What is being asked ▸
Go to the line below that has "gamers-can-play-animal-crossing-like-palia-now", print it and each line after it exactly, and stop after the line that has "Can-shaped glass holds"; leave out pictures.

Data listing ▸
____________

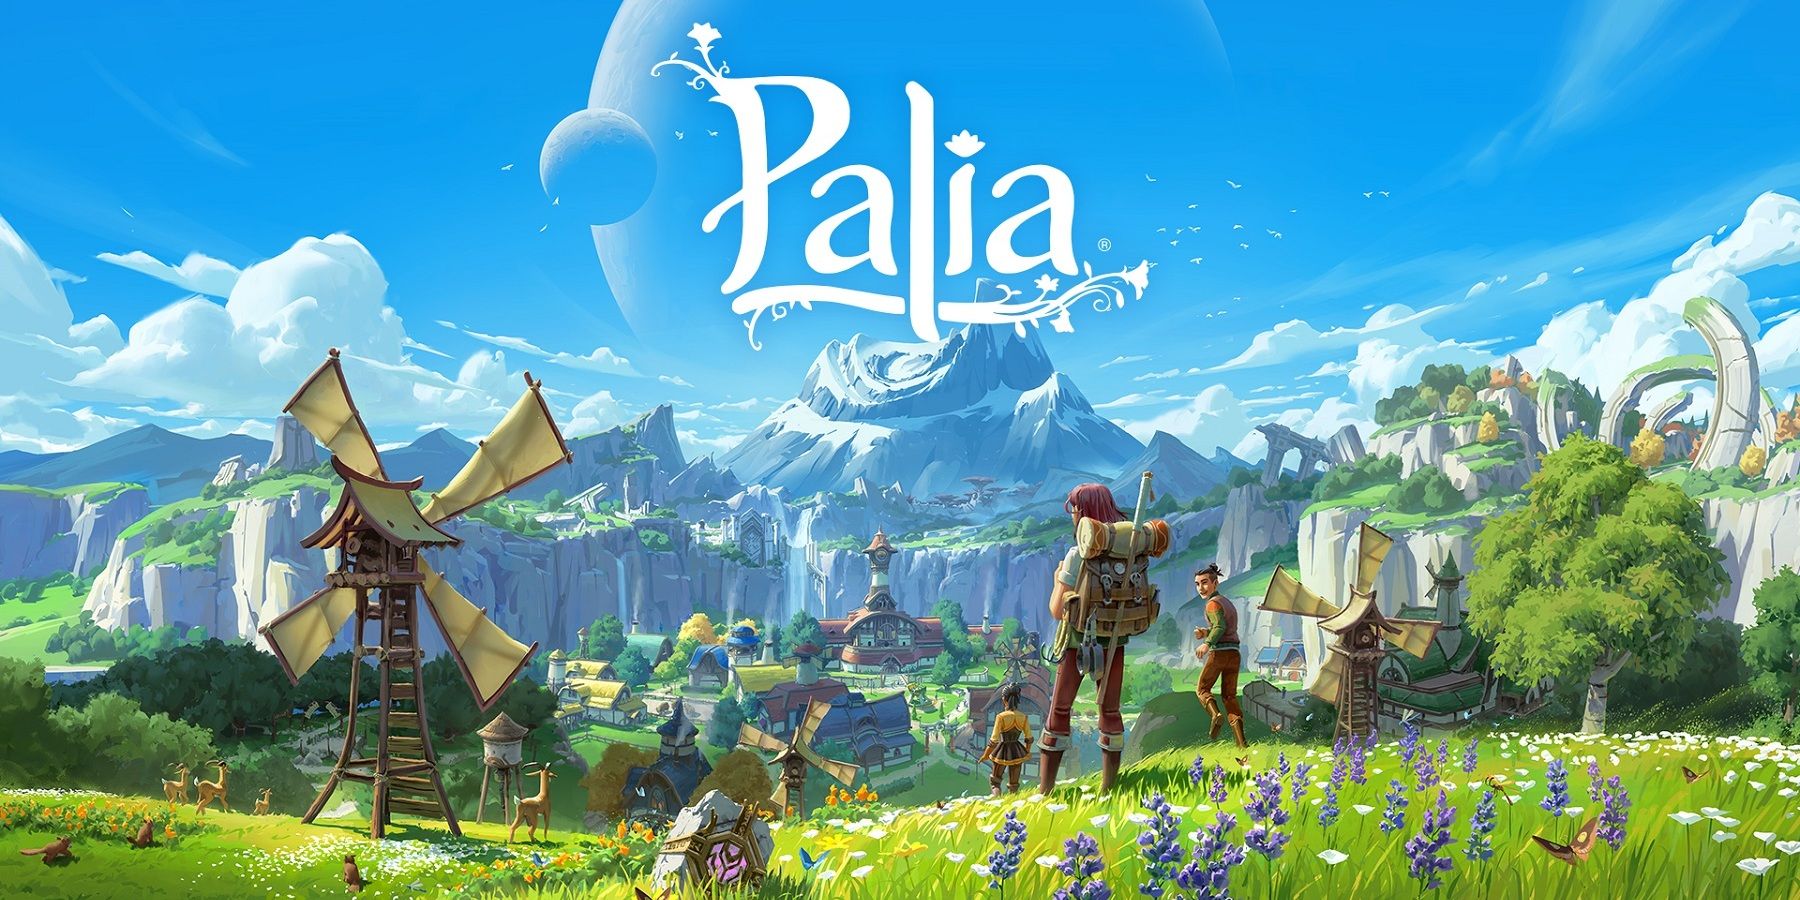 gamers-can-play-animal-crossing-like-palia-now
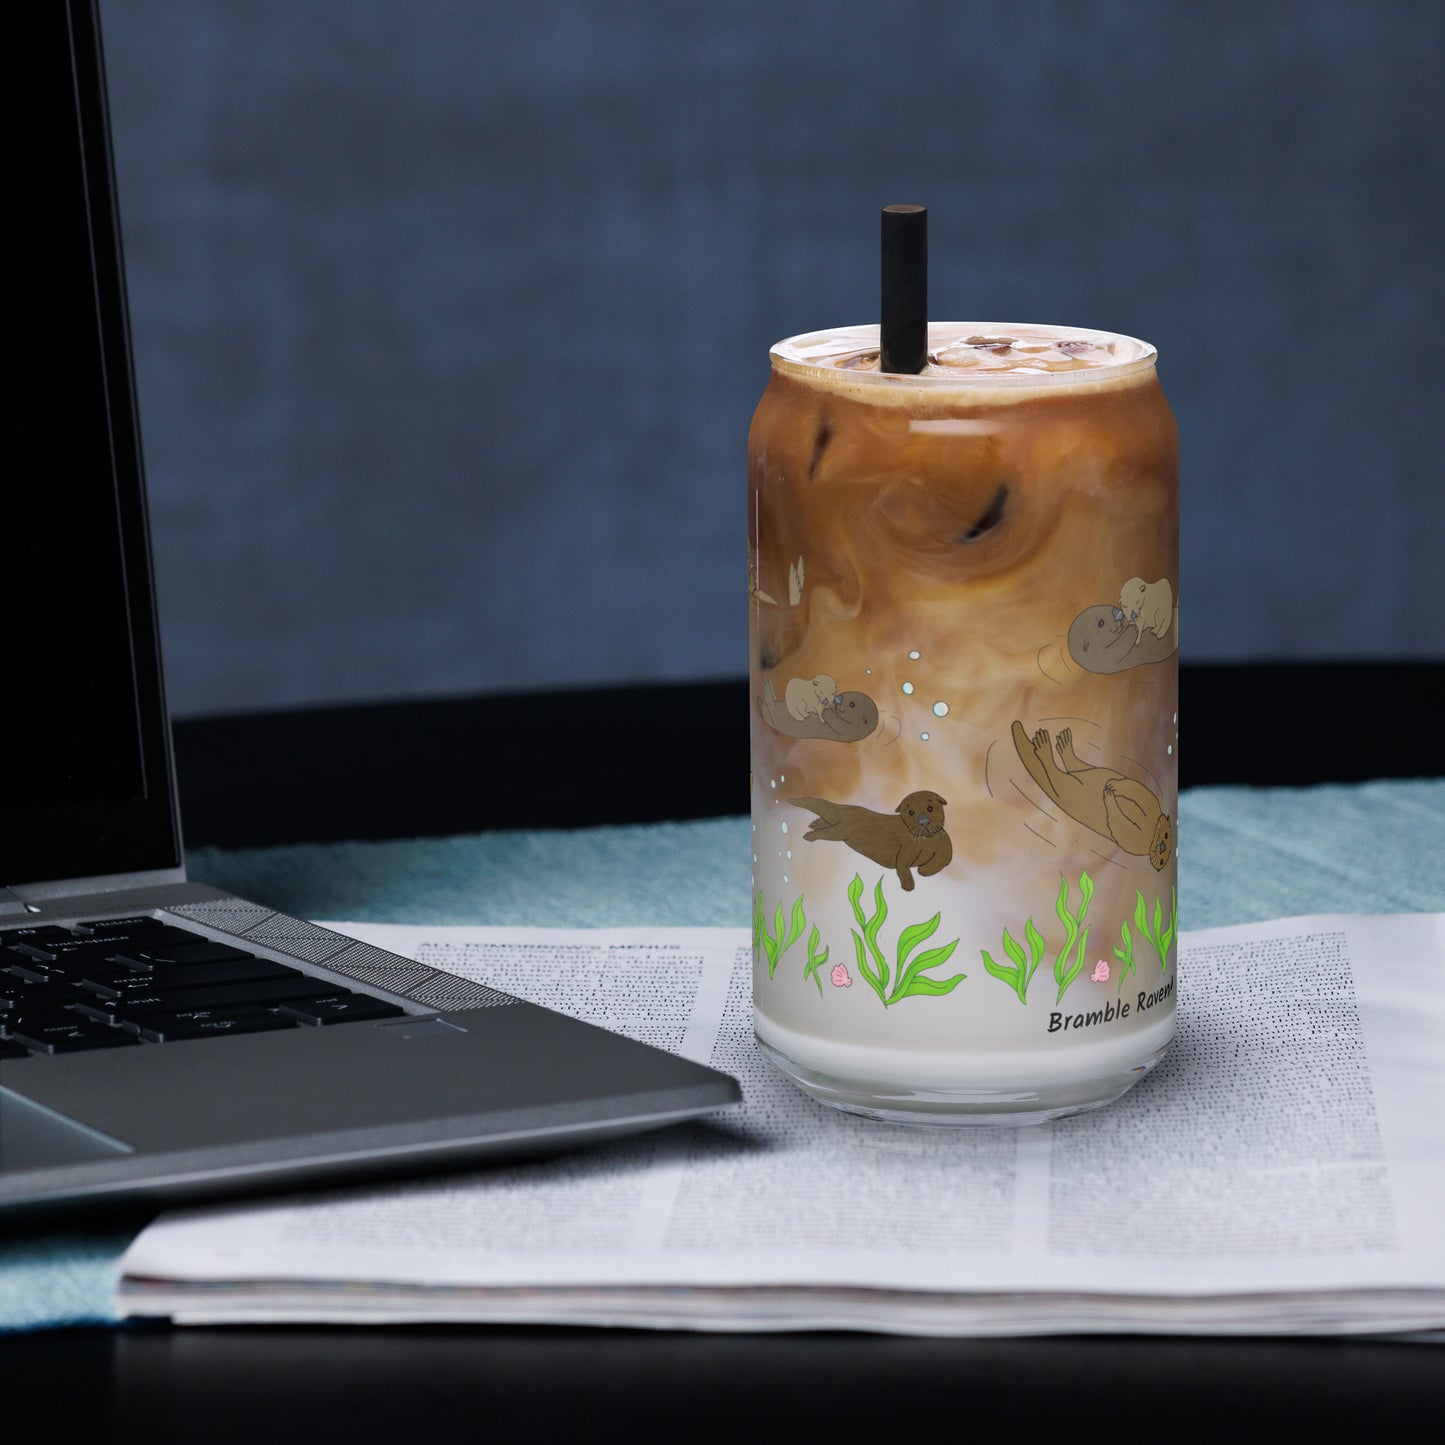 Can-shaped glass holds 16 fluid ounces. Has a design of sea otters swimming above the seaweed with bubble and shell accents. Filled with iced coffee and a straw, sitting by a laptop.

____________

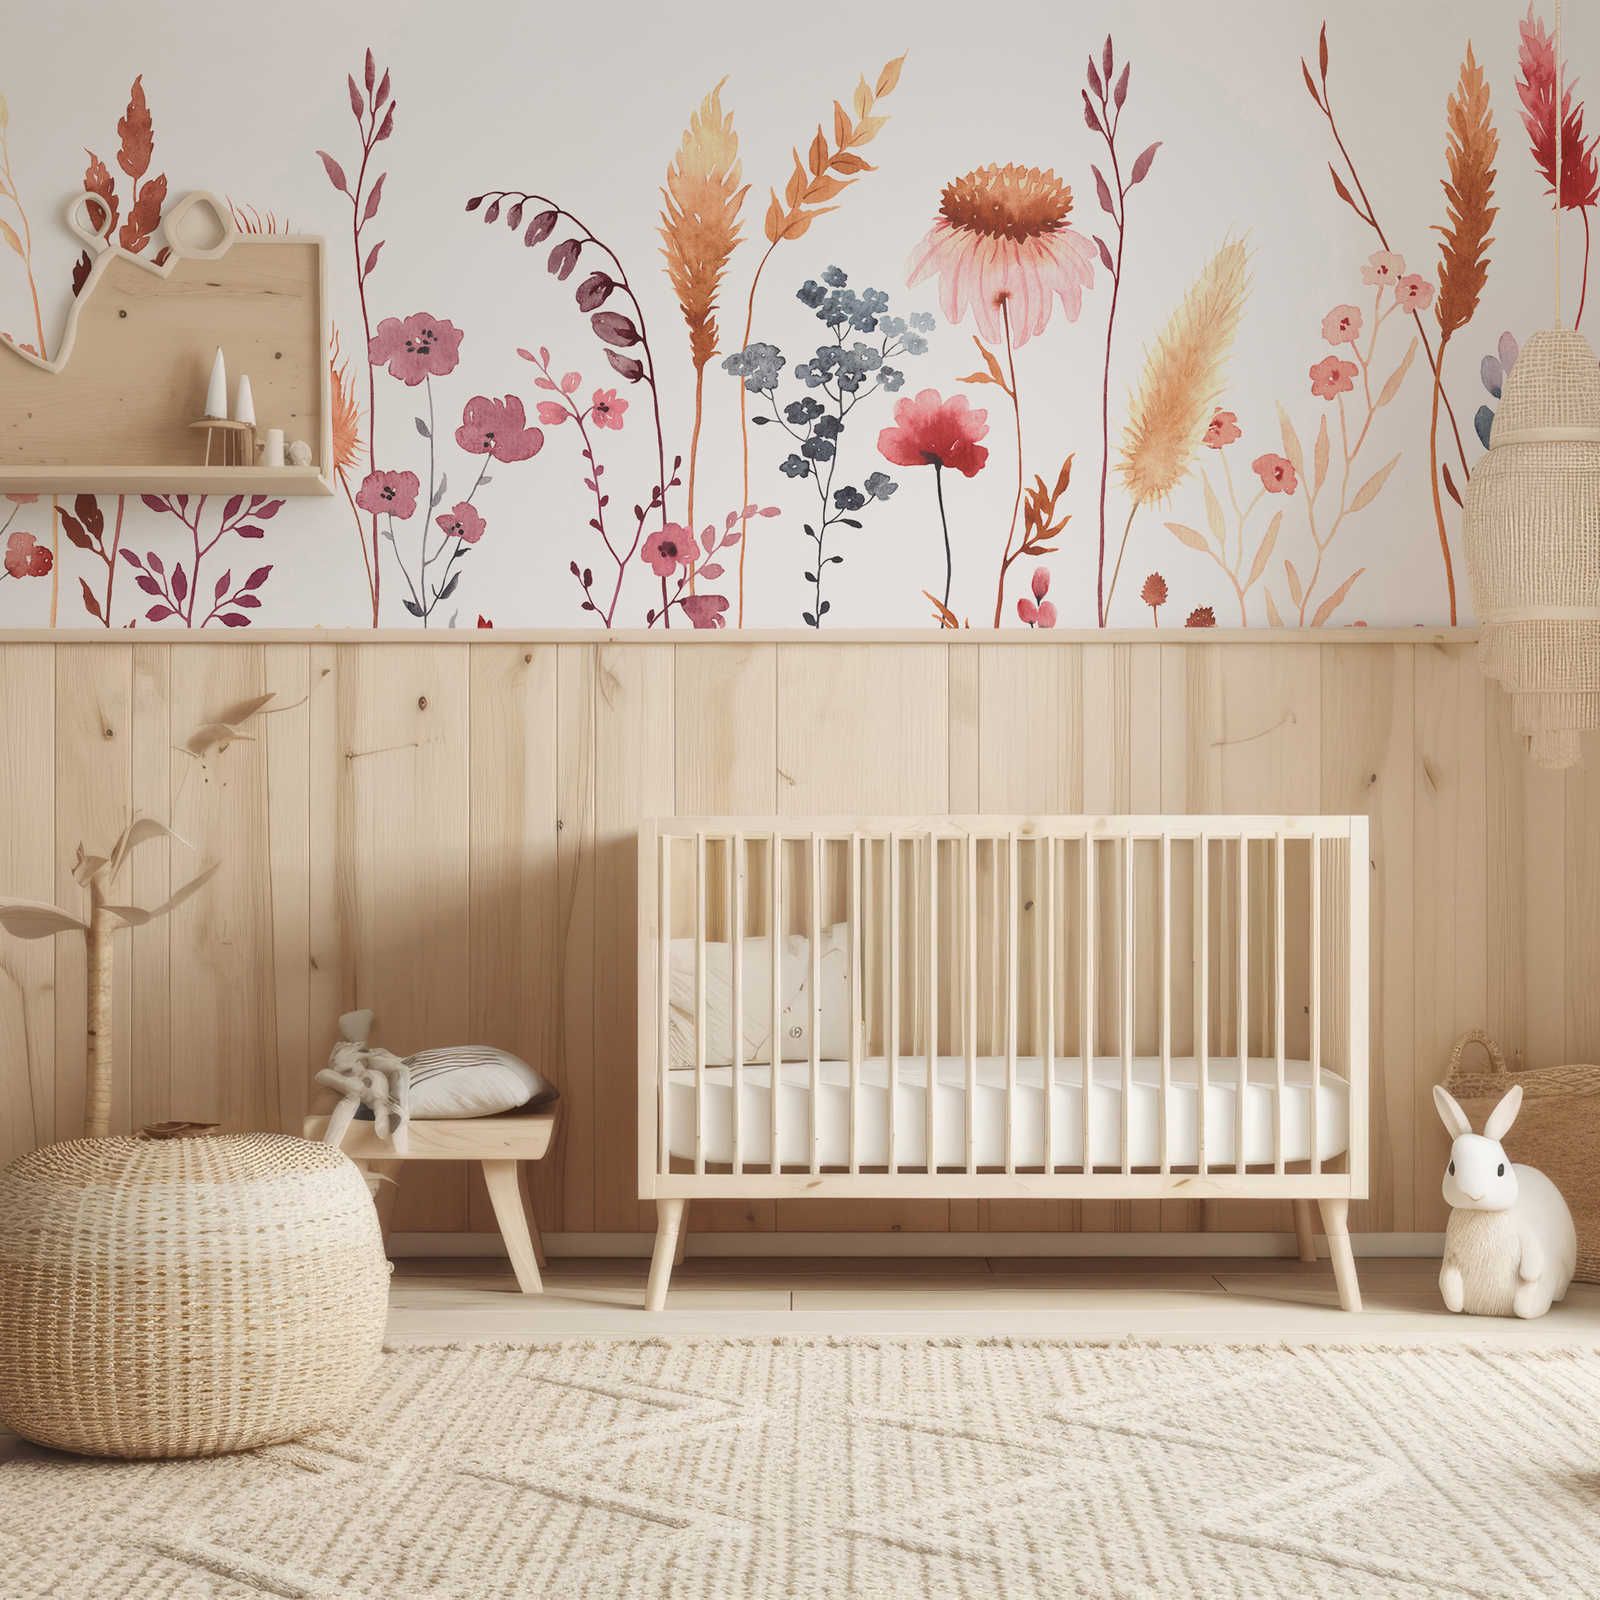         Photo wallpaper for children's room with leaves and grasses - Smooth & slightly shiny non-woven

____________

Task result ▸
 gamers-can-play-animal-crossing-like-palia-now
 Can-shaped glass holds 16 fluid ounces. Has a design of sea otters swimming above the seaweed with bubble and shell accents. Filled with iced coffee and a straw, sitting by a laptop.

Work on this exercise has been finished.